In this study, researchers from Argentina assessed the efficacy and safety of naltrexone for the short- and long-term treatment of pruritus of cholestasis.
The research team studied 20 patients with pruritus and cholestasis.
The team obtained a baseline pruritus score over a 1 week period.
They then randomized patients to receive 50 mg per day of naltrexone, or placebo, for 2 weeks.
After a 1-week washout period, patients were crossed-over to the other therapy for a further 2 weeks.
The team assessed pruritus daily using a visual analogue scale (VAS).
|In 45% of the patients receiving naltrexone, pruritus decreased by more than 50%, compared to basal value.|
|Journal of Hepatology|
Any patients whose pruritus decreased more than 50% of basal following naltrexone treatment, received a further 50 mg per day for 2 months.
The research team found the mean basal VAS to be similar in both groups.
However, the VAS showed greater and more significant changes with naltrexone treatment, than with placebo (p<0.0003).
They found that in 45% of the patients receiving naltrexone, pruritus decreased by more than 50%, compared to basal value.
In 5 patients pruritus disappeared completely.
They team observed no significant changes in serum biochemistry.

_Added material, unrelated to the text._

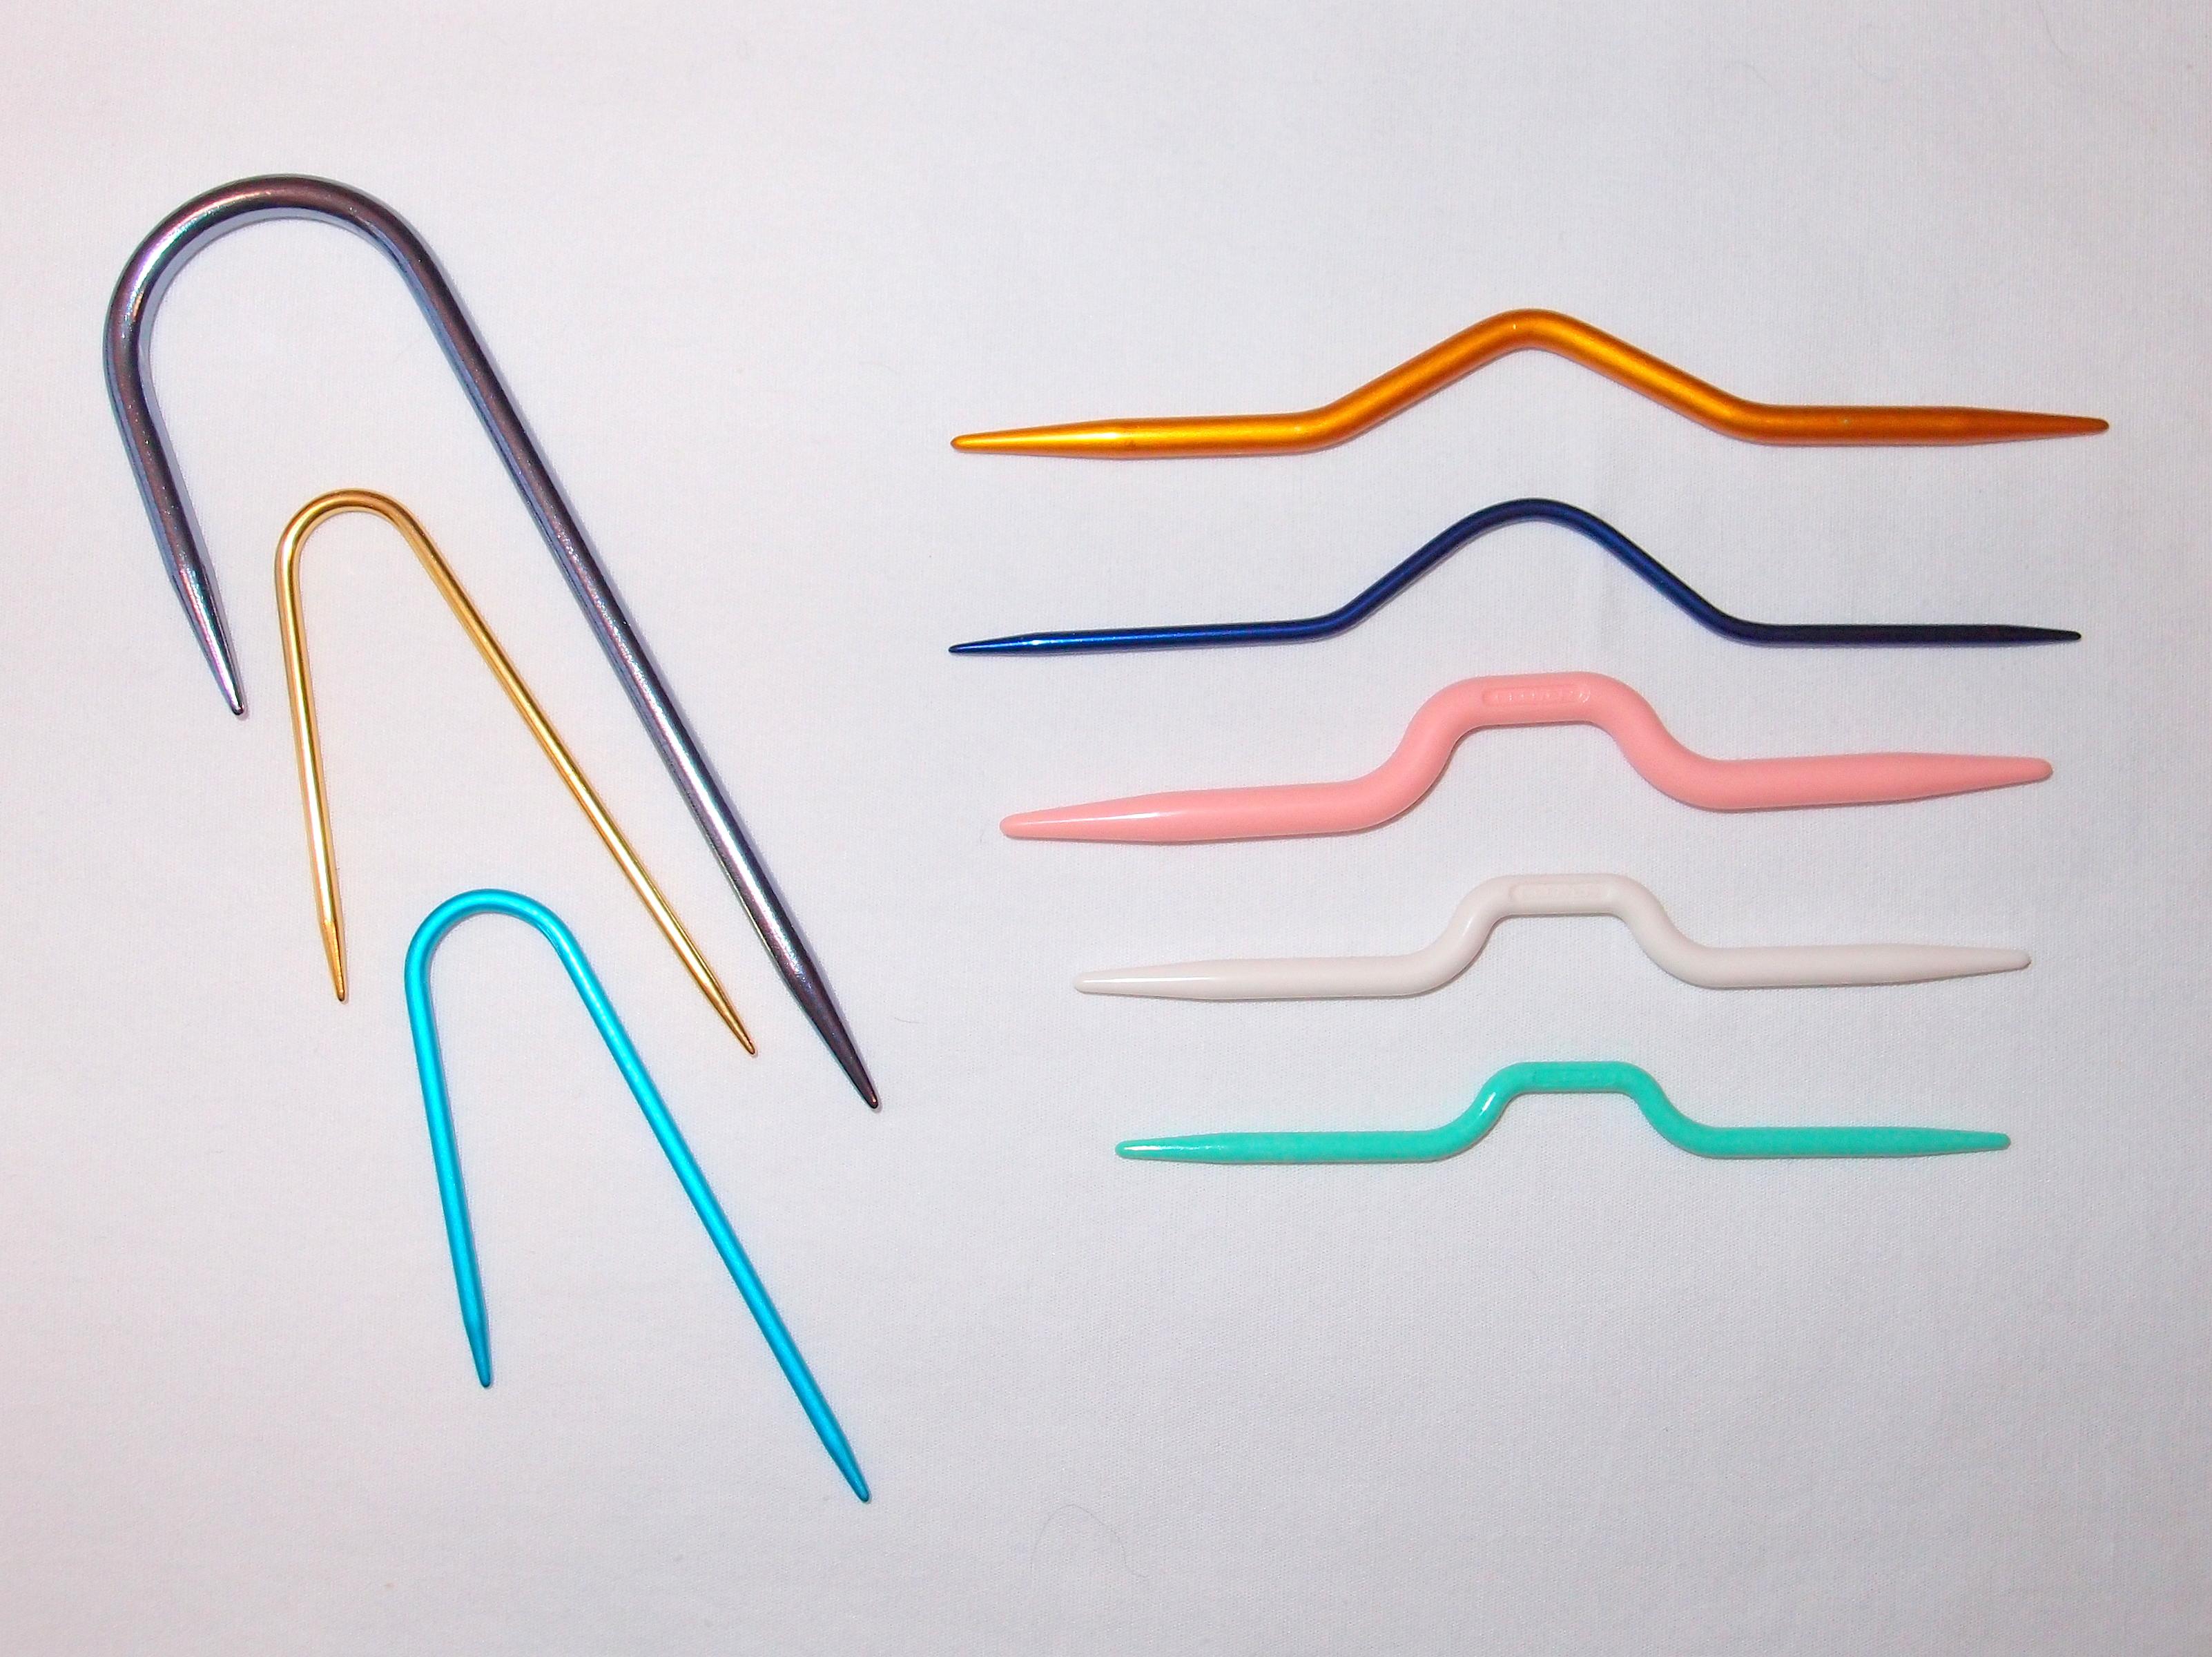 Rope Knitting Needles : Knitting basic knit stitch continental method

The majority of adverse events due to treatment occurred during the first 48 hours of naltrexone therapy. These were consistent with opioid withdrawal-like phenomena; they spontaneously disappeared 2 days after starting treatment.

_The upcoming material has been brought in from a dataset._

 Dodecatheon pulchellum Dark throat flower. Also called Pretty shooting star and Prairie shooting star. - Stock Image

Dr Rubén Terg's team concluded, "Naltrexone can be considered as an alternative option to treat pruritus of cholestasis".

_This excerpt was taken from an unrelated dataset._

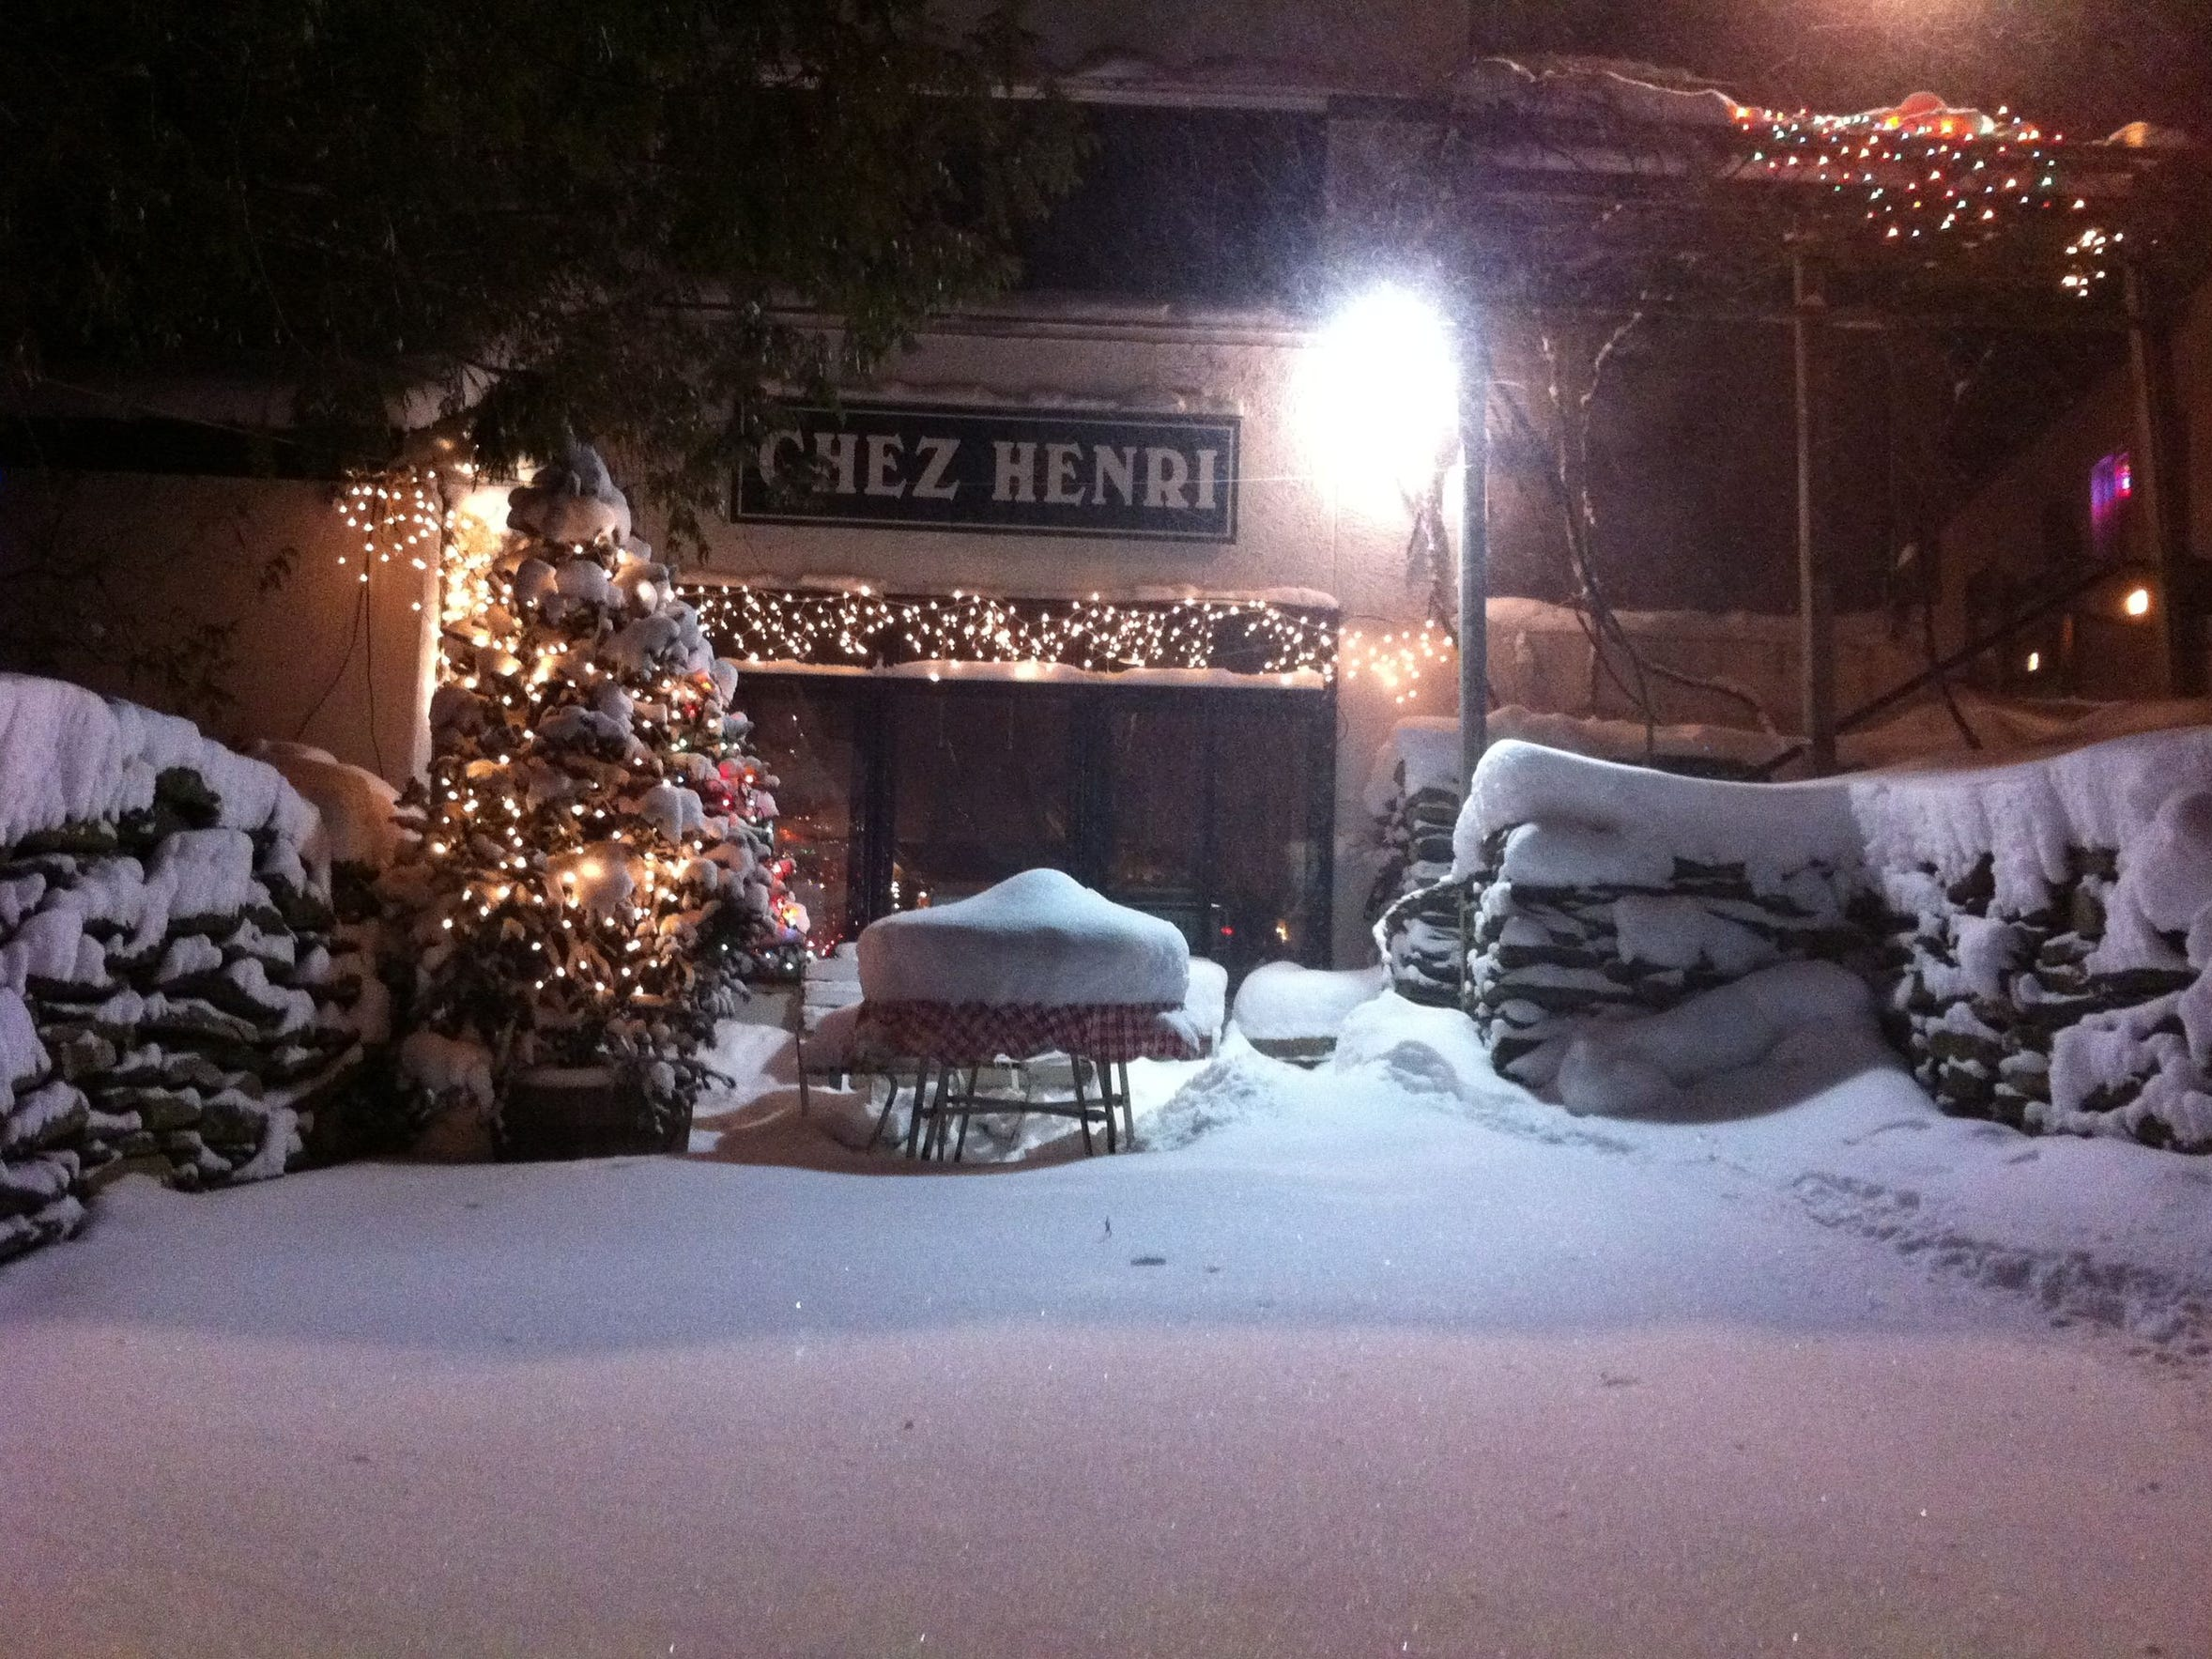 Chez Henri snowy.jpg

"In the current study, side effects were transient and did not require specific medication."
In a related editorial in the same publication Dr Anthony Jones from the Academic Medical Center, Amsterdam, The Netherlands, also discusses the use of opiate antagonists for pruritus of cholestasis.
He concludes, "The observation that the oral administration of an opiate antagonist to cholestatic patients (who had not received an opiate) often precipitates a transient opioid withdrawal-like reactions".
Furthermore, "Supports the hypothesis that opioidergic tone in the central nervous system is increased in cholestasis, and strengthens the rationale for treating the pruritus of cholestasis with an opiate antagonist".